▶ _TASK INSTRUCTIONS_
Every entry below should be transcribed exactly; pictures stay out of the copy.

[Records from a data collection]
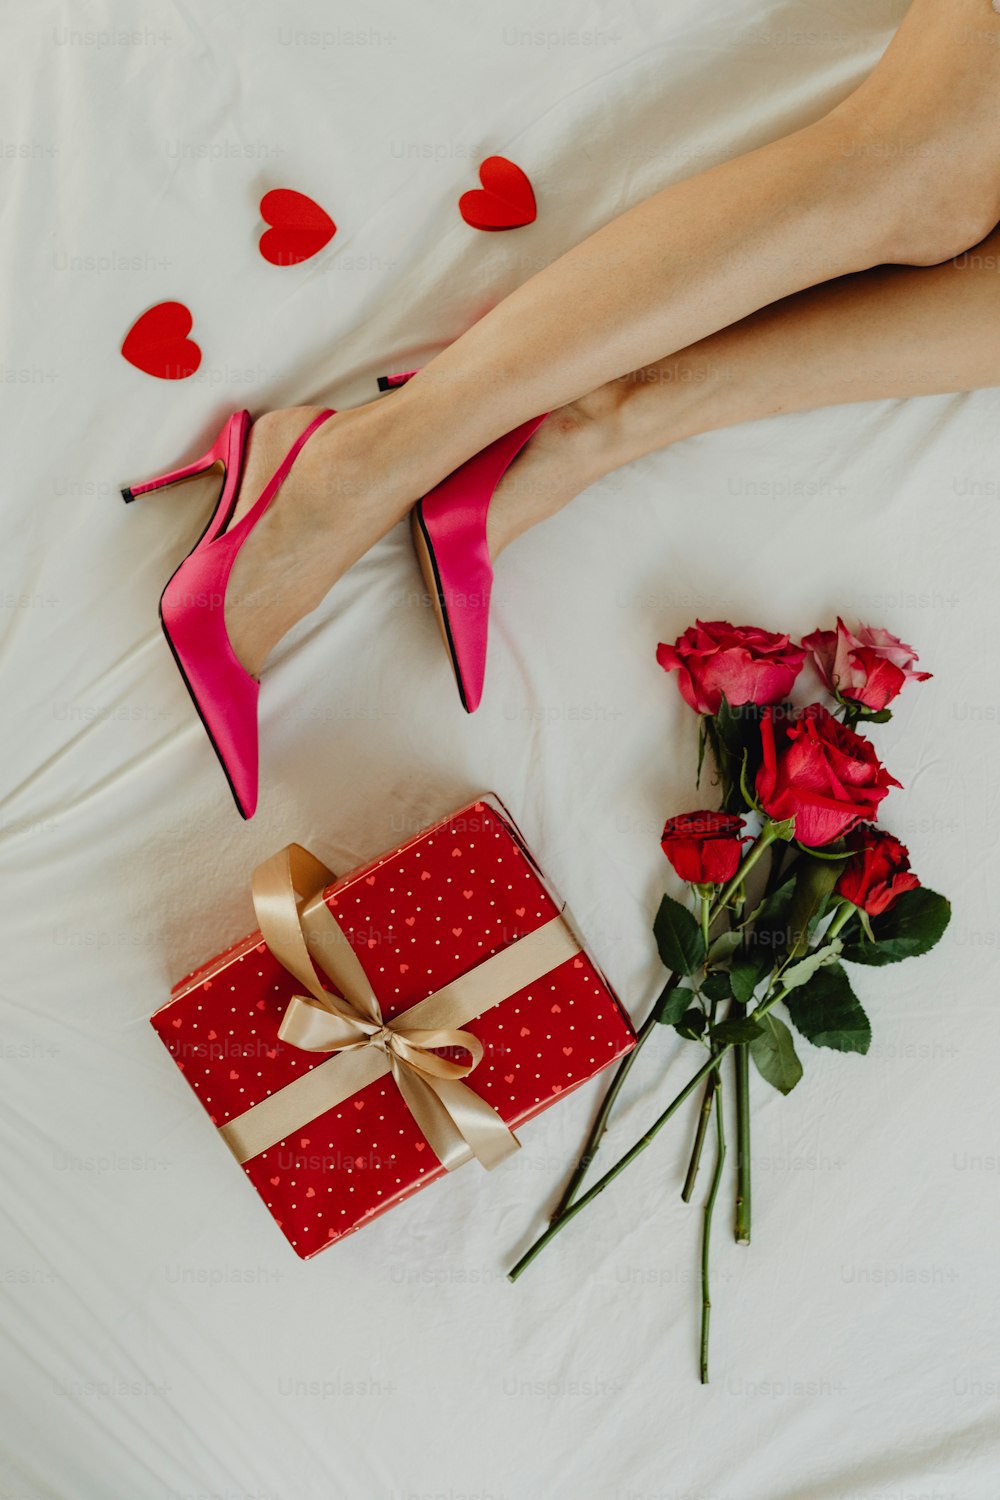 Una mujer acostada en la cama con un regalo y rosas
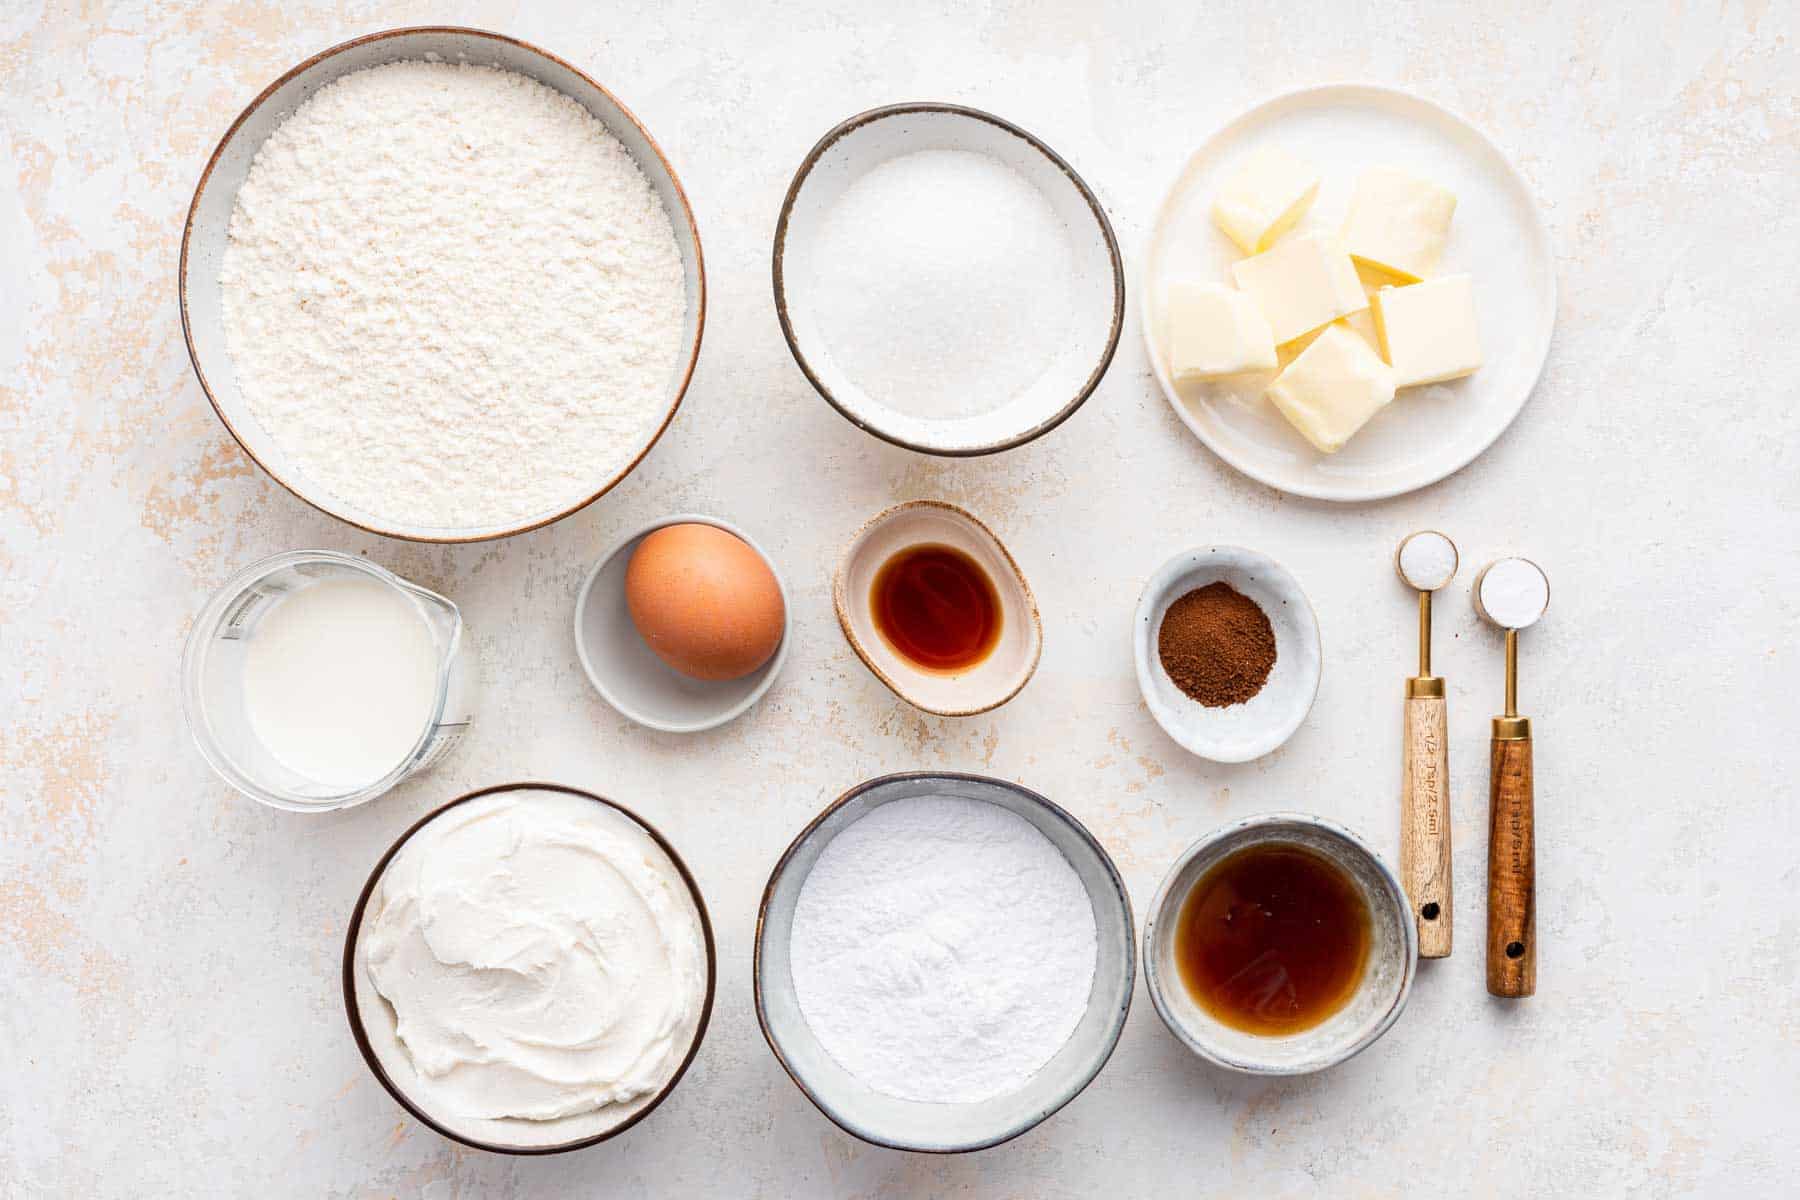 Small bowls of flour, sugar, egg, butter and espresso powder.
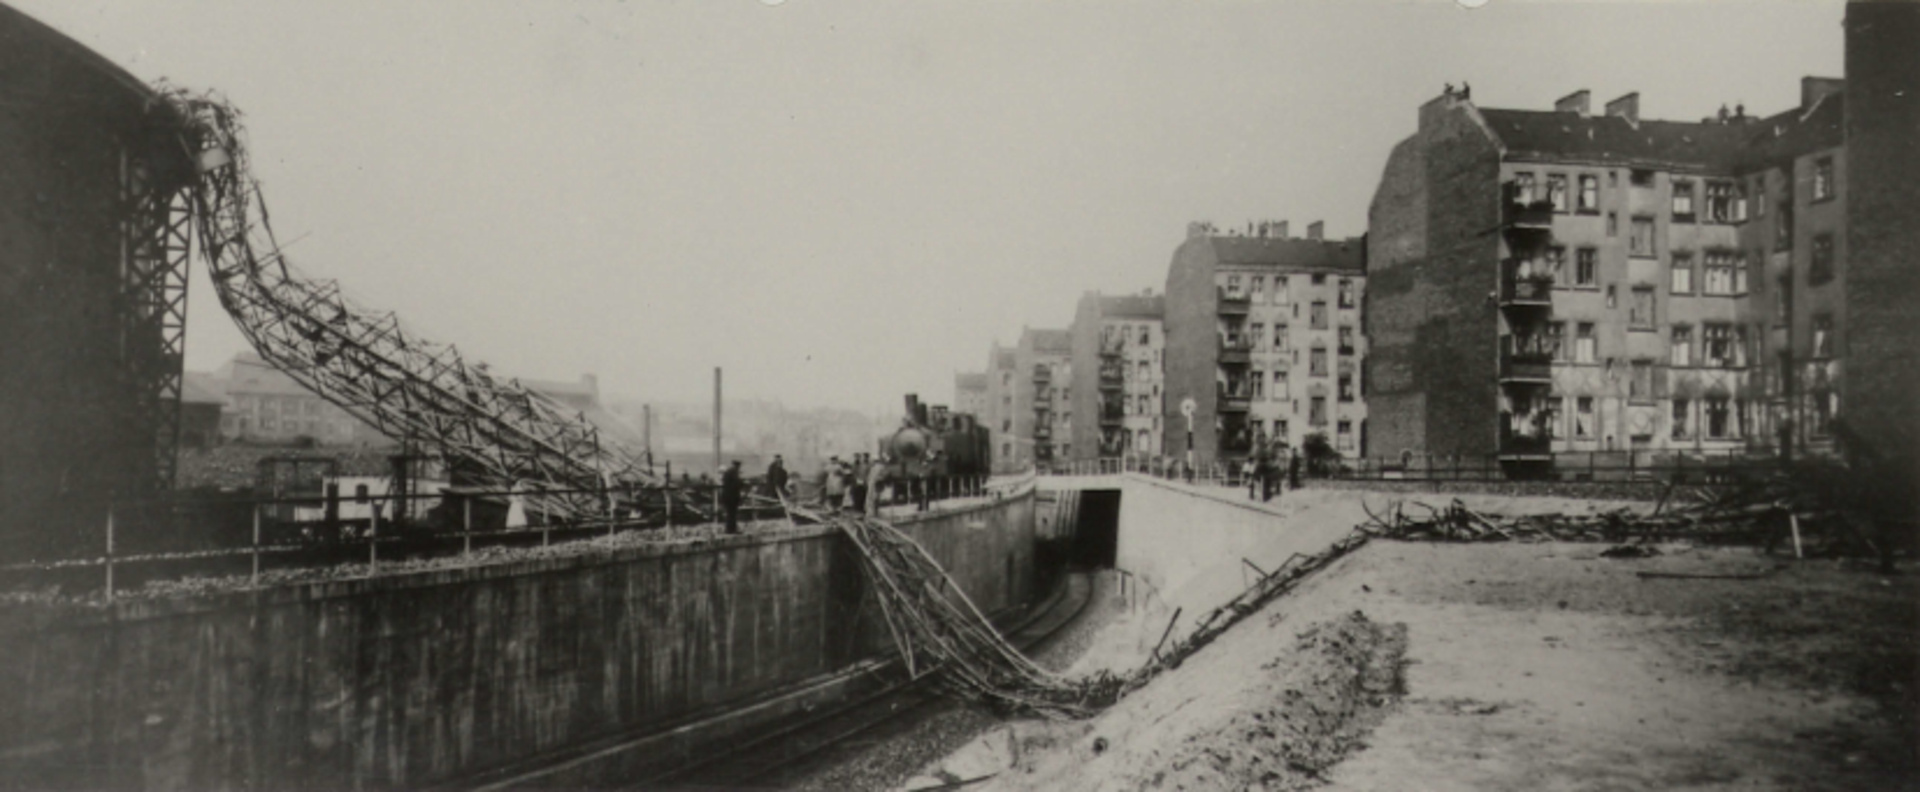 ICGA Gaswerk Schöneberg, Einsturz eines hohen Montagemastes, 1909
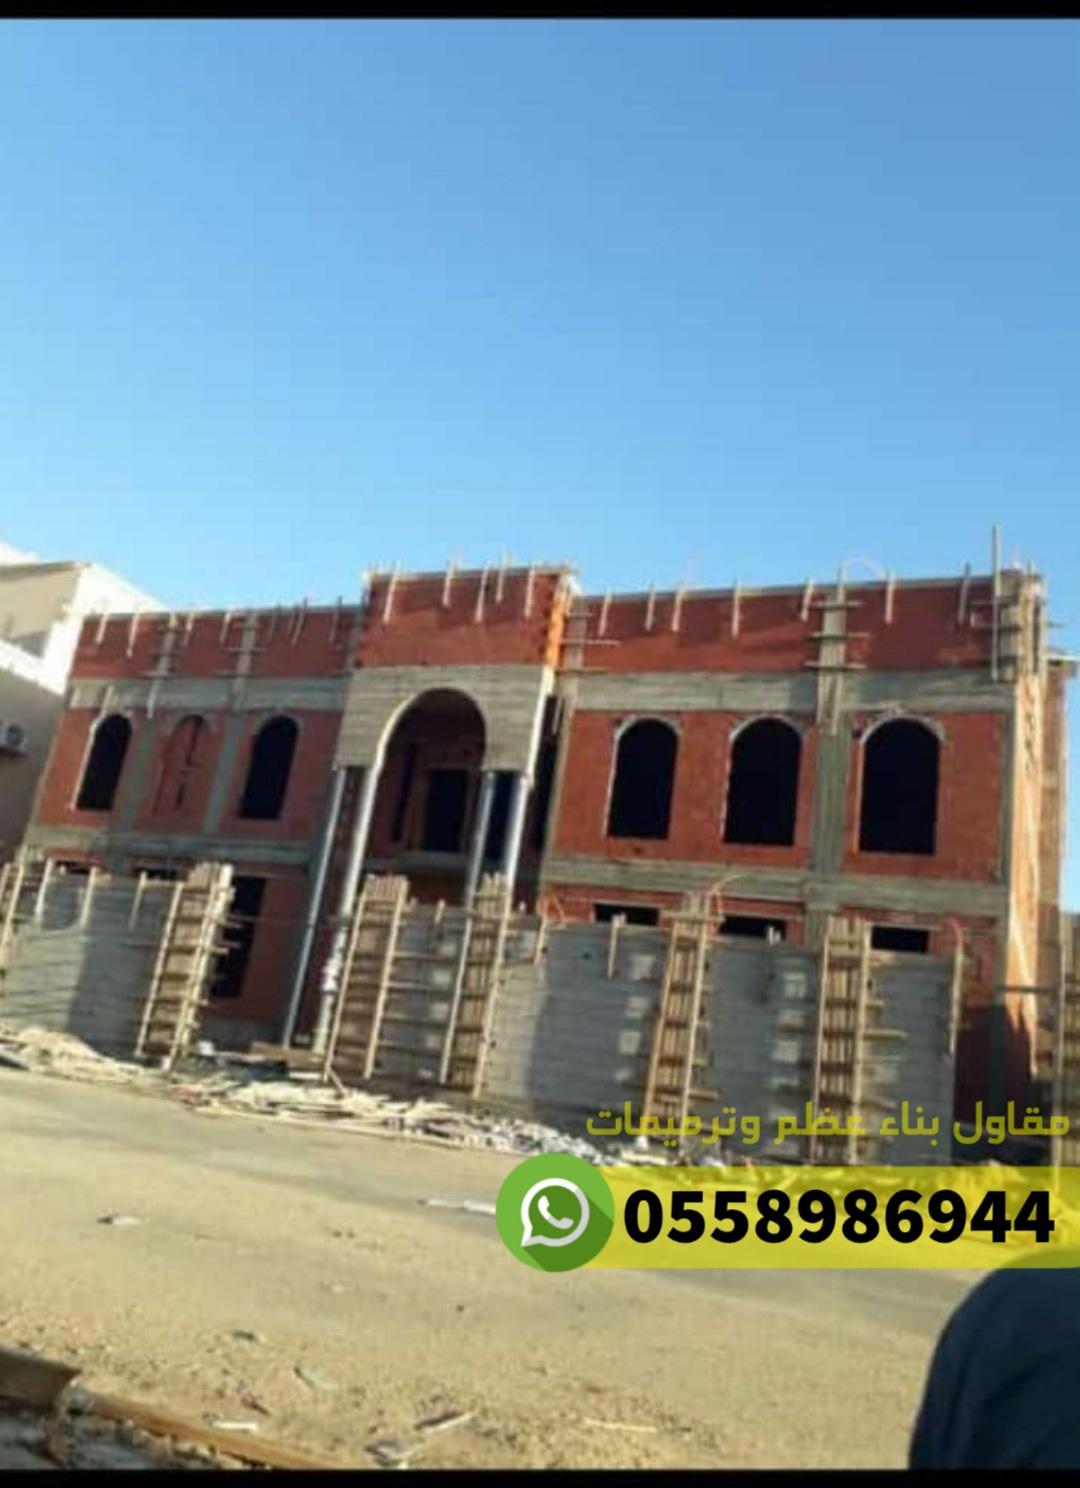 مقاول معماري في جدة, 0558986944 984620257
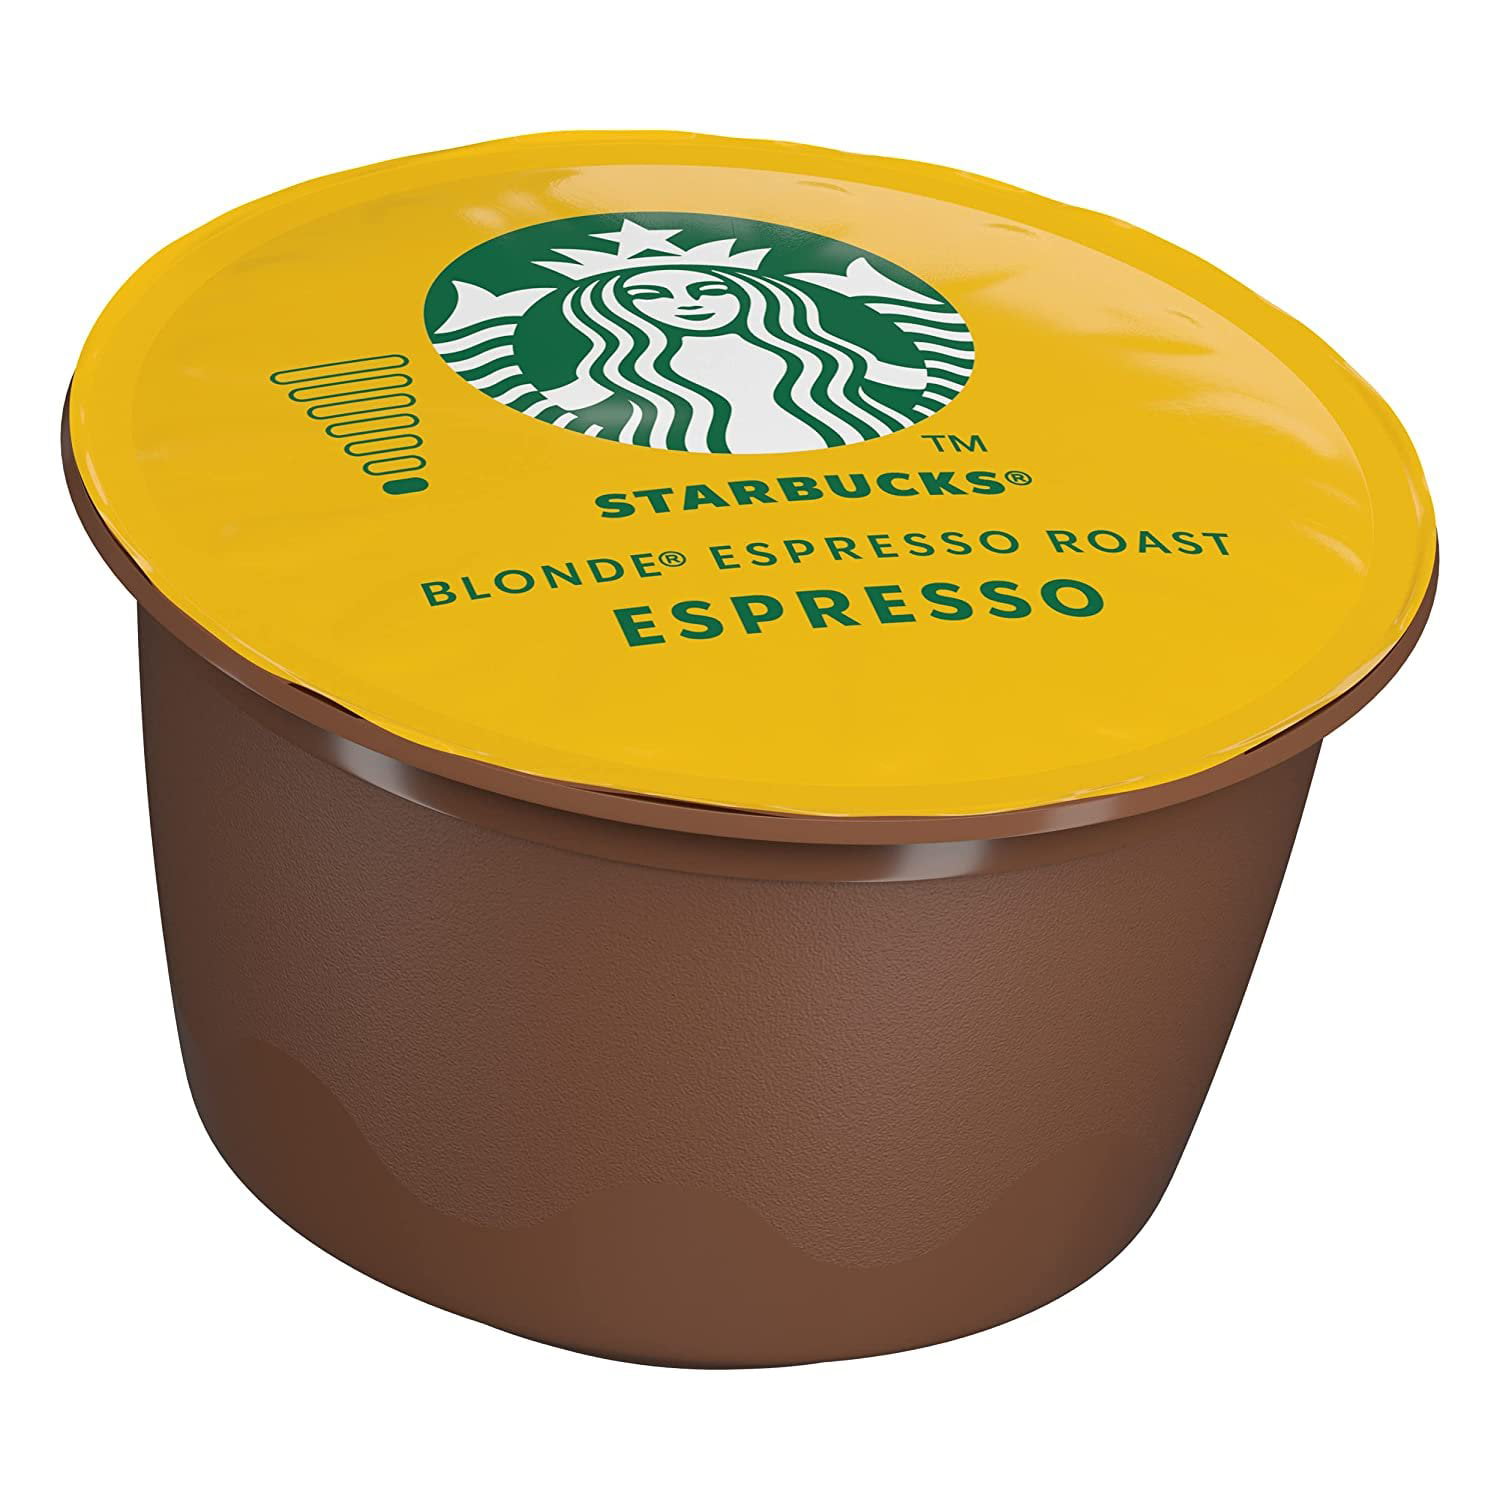 Starbucks Caramel Macchiato di Nescafè Dolce Gusto - Saida Shop Online

▶ _OUTPUT BELOW_
 Una mujer acostada en la cama con un regalo y rosas
 Small bowls of flour, sugar, egg, butter and espresso powder.
 ICGA Gaswerk Schöneberg, Einsturz eines hohen Montagemastes, 1909
 مقاول معماري في جدة, 0558986944 984620257
 Starbucks Caramel Macchiato di Nescafè Dolce Gusto - Saida Shop Online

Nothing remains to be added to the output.